The global Findex survey, though it is
silent on account balances, does reveal a large gap between those who say they
have an account and those who say they save in it.) Getting banked is hardly a
quantum leap for most people in the informal sector.
Too much
financial education
Surely that’s because a majority of poor and informal people who are offered an
account don’t understand how they can benefit from the account. Before we send
the financial education corps in, hear them out. People budget and discipline
themselves by separating money into distinct categories and savings vehicles.
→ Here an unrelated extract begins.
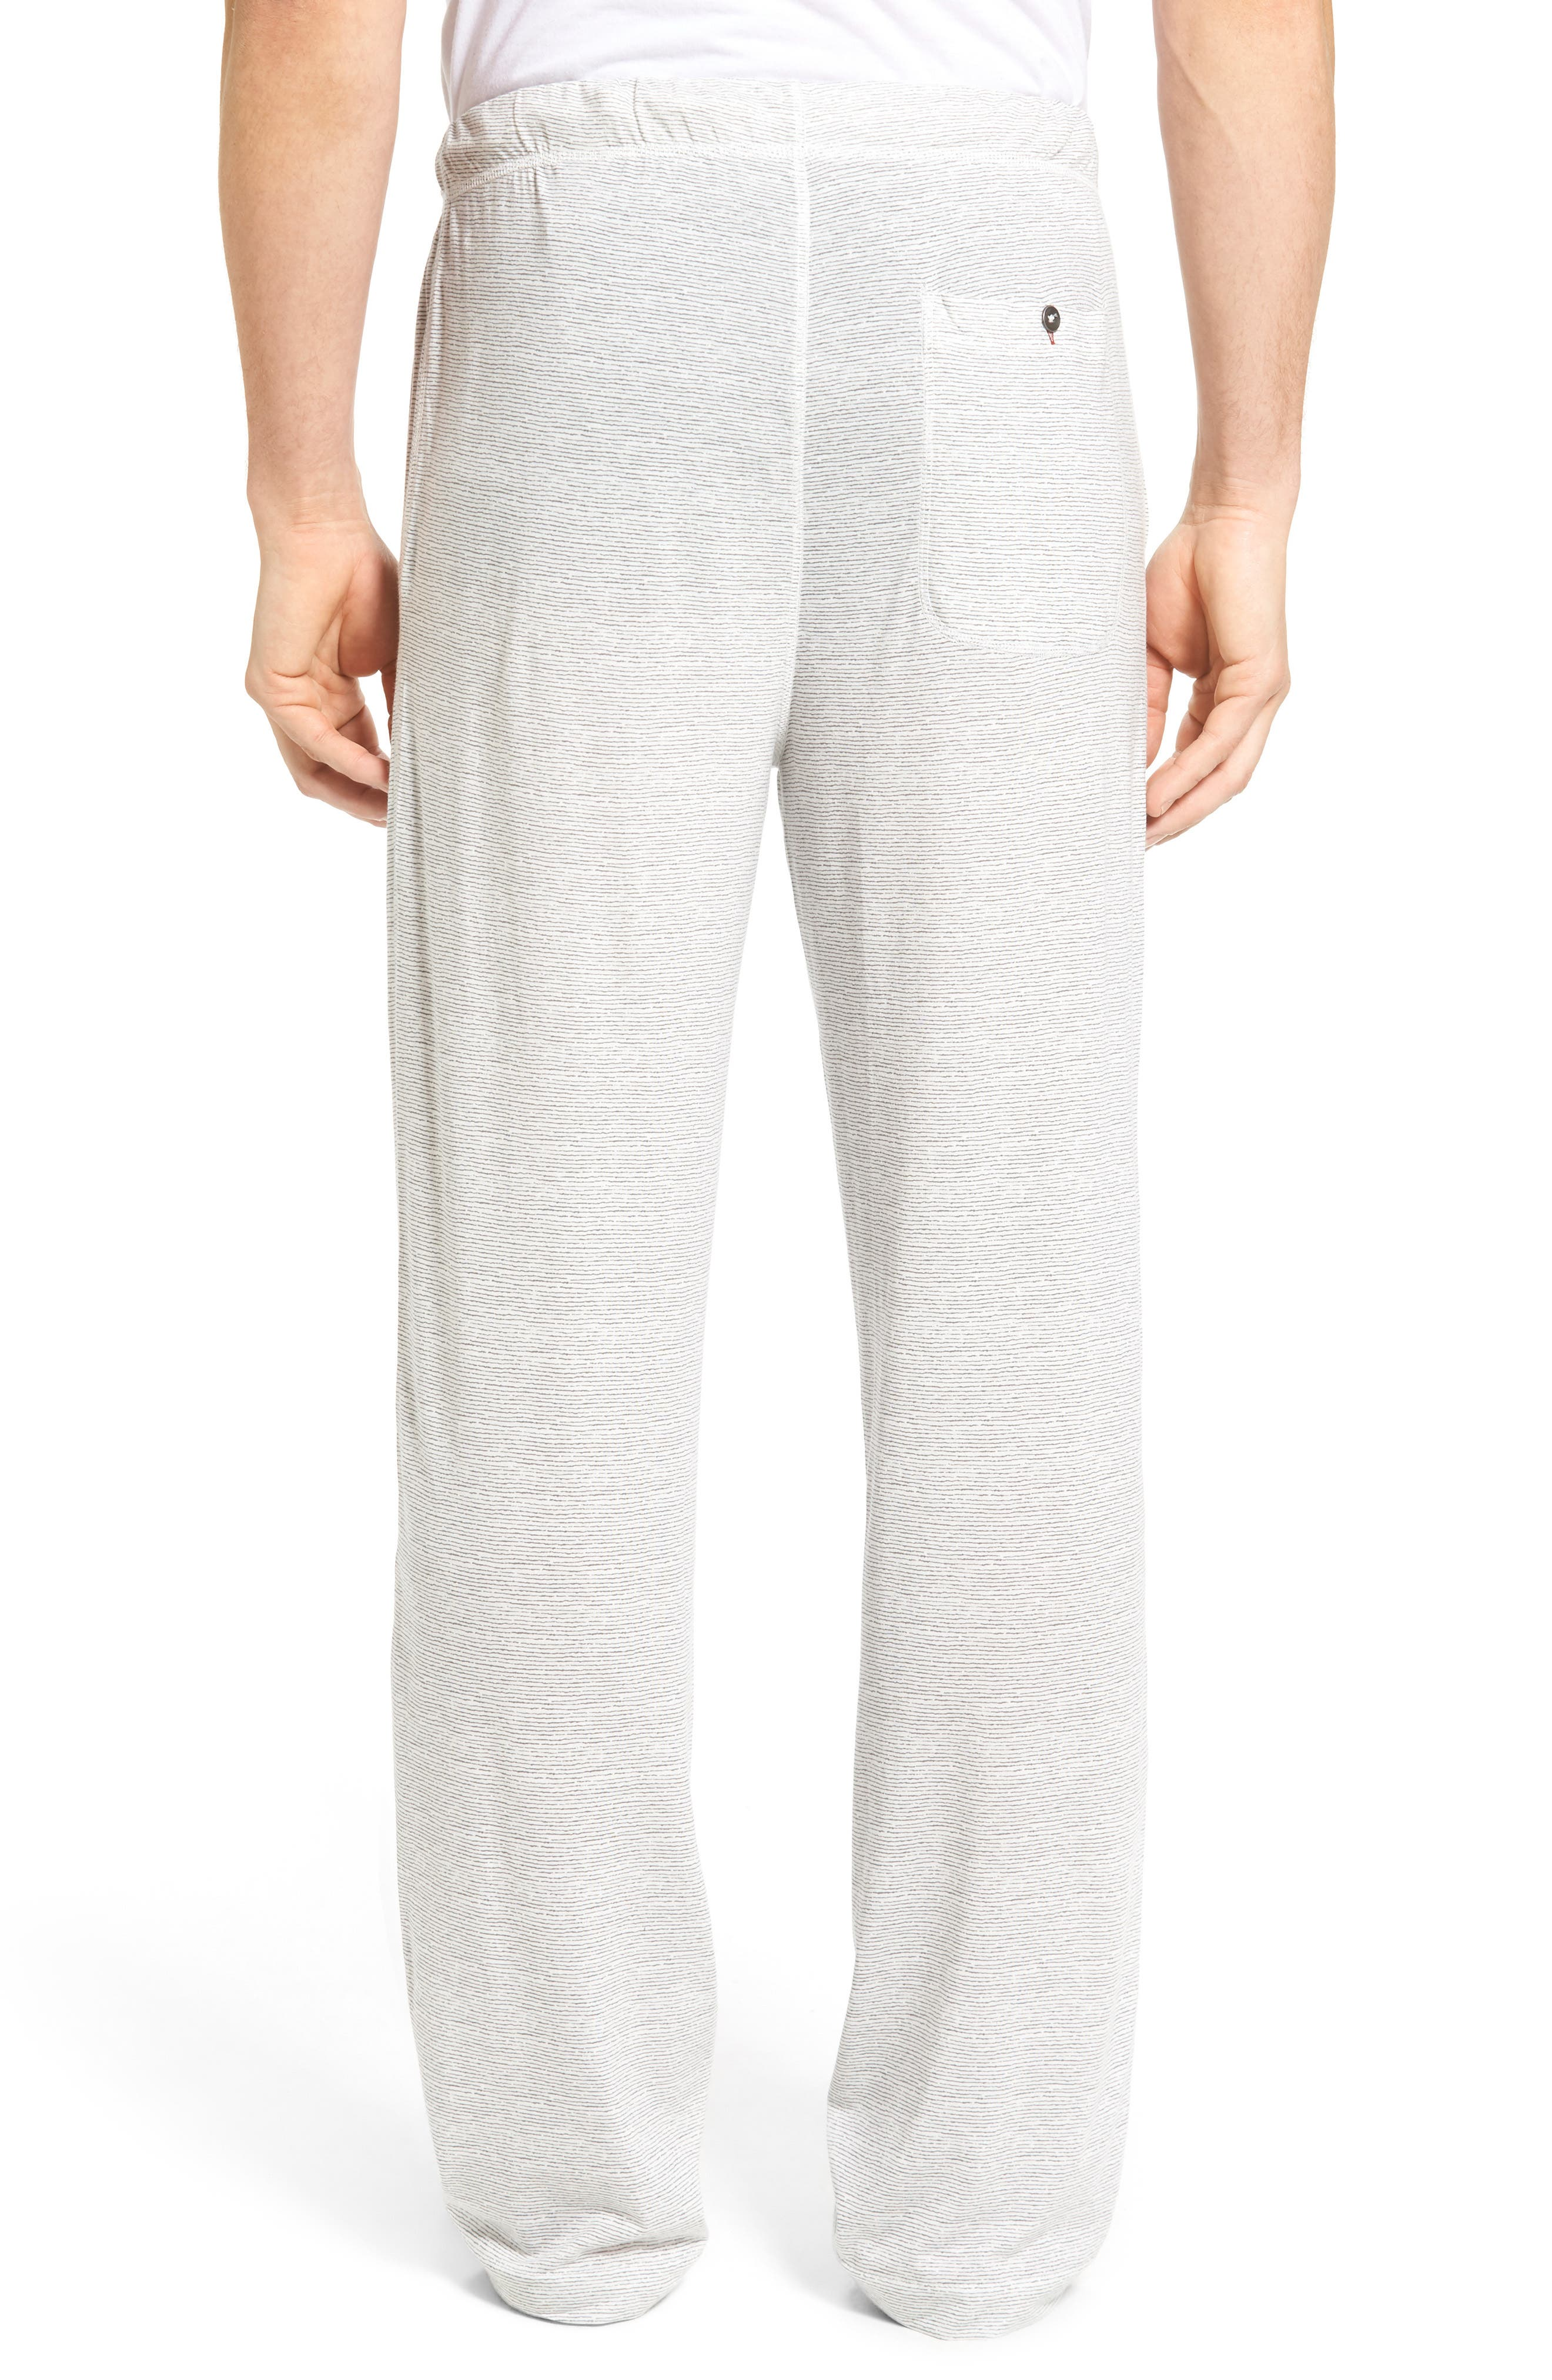 Pima Cotton & Modal Lounge Pants,                             Alternate thumbnail 2, color,                             020

Expecting them to regroup all that value and dump it into a single account goes
against the grain of the financial education they have received from their
parents and grandparents. And having to spread their meager savings across
multiple single-purpose accounts is too complex for them. They don’t need
re-education, what they need is easy-to-use services that accommodate and
extend how they think about money and organize their future outlays.
Half the job of
money
If savings aren’t a good hook, what about payments? That’s become the standard
bet behind mobile money. It works for remote payments where cash performs
dismally, but it’s a whole different story to get people to pay for goods at
the local store electronically when what they have is cash. We need mobile
money to fulfill the two standard functions of money: storage of value and
means of payment. You can have a great store of value that is a lousy means of
payment (some might think cow), but I can’t see a lousy store of value that is
a great means of payment. The two functions are in fact inseparable.
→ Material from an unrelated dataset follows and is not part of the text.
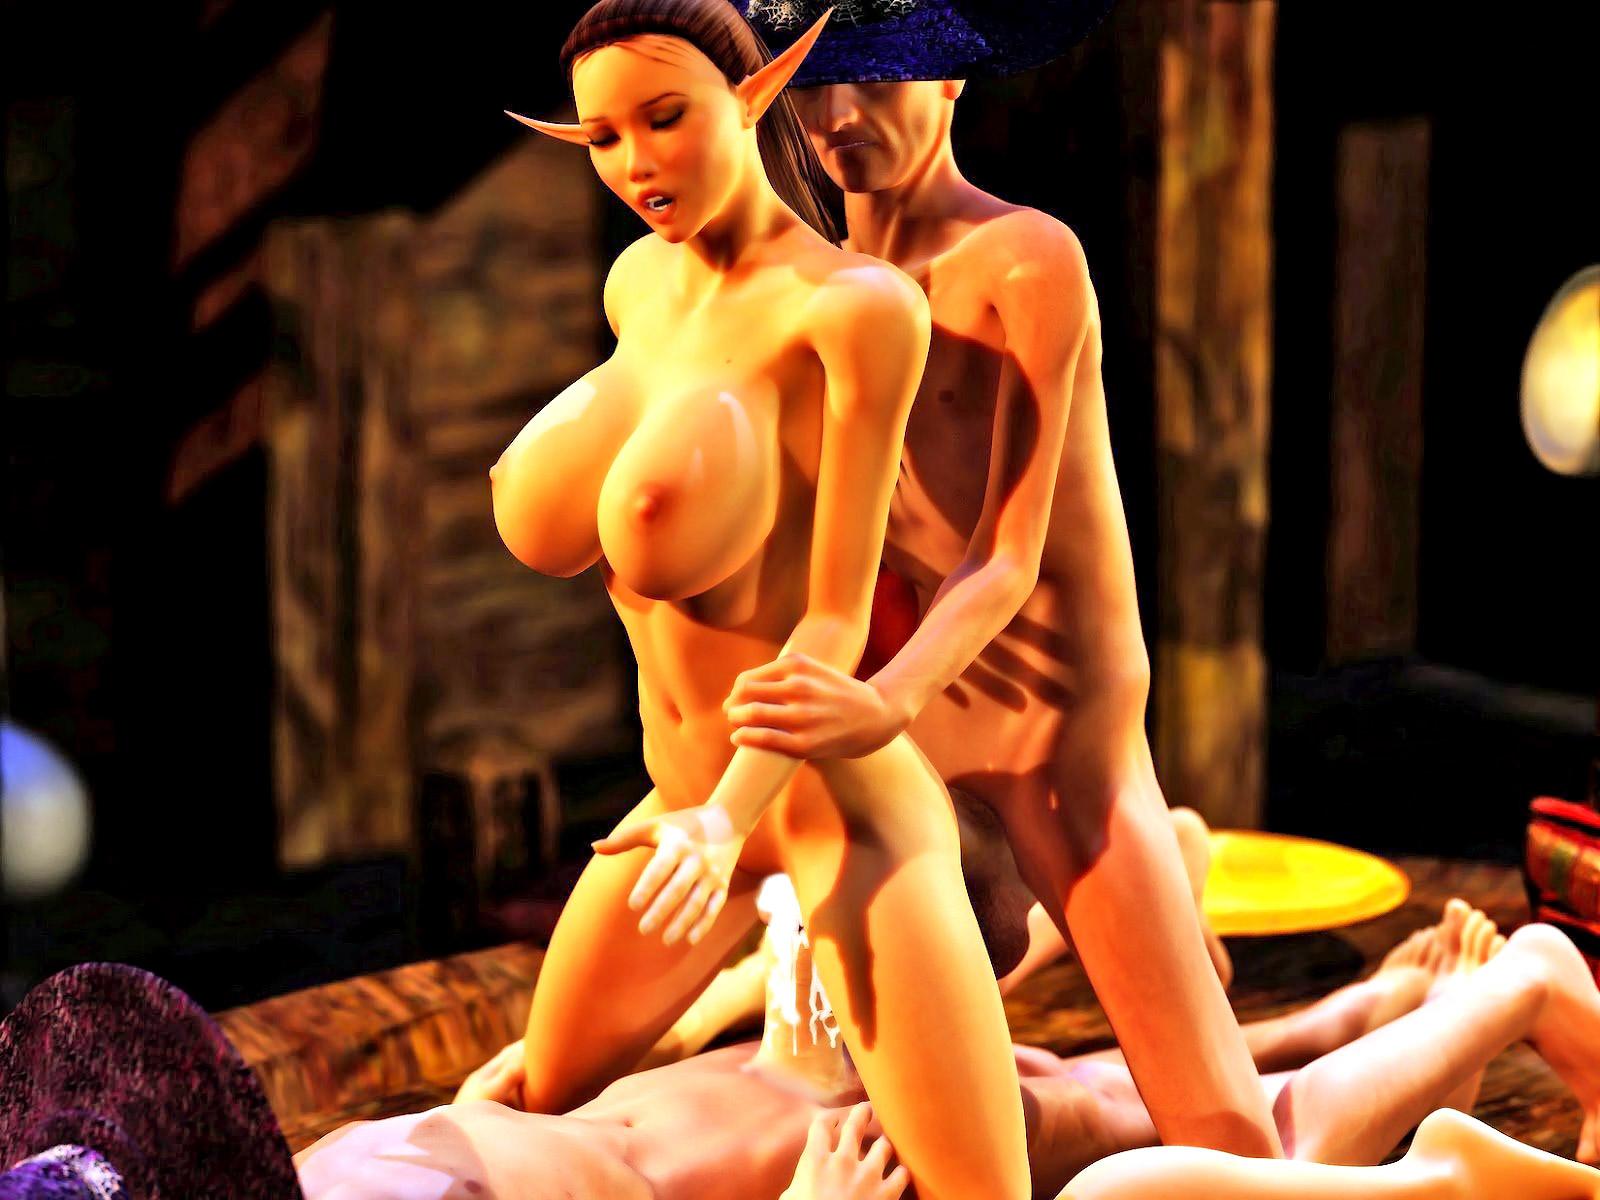 Elf slut pics hentai tube

If you want daily in-store payments to go mobile, you need to find ways to
fatten those mobile accounts.
We need
innovation, I’m afraid
So what’s the way forward? We don’t have the recipe but it surely involves
listening to customers and trying out new things. I’ve proposed recasting
shorter-term savings as a set of future payments to
oneself – if you have income today, you might send
it to yourself to next Friday because that’s when you have to pay your child’s
school fees. Maybe that’s right, or maybe not. The point is that we need
innovation and we need disruption. Regulators need to be particularly careful
to not entrench the status quo, and to not make assumptions about who will do
what, how, because none of us know. Innovation begins by opening up the field
(think e-money issuer licenses), it is fostered by rolling back regulations
that are no longer necessary with today’s technology (think cashing in/out at
retail shops), and it is fueled by taking bold steps that address major
barriers (think paperless account opening with deferred
know-your-customer procedures on small accounts).
Silence at the top
I’m quite impressed at how regulators in many countries have taken the cause of
financial inclusion to heart. But it feels to me it’s more the result of
personal than institutional agendas. This makes it hard to align support inside
and across regulatory agencies (not everyone will be equally concerned) and to
sustain the efforts over time (as administrations change). The institutional
agenda at the working level is driven by the stuff that gets discussed in Basle
and Washington. While regulators don’t hear it from the Basle Committees and
from the IMF, they might have a commitment to financial inclusion but not a
real responsibility. But we don’t hear a peep from these organizations on it,
and while that’s the case selling financial inclusion visions to central
bankers will be an uphill struggle. The guardians of world finance need to tell
us that they care about anyone other than the half of the half of the half who
have significant amounts of money stored in their bank account.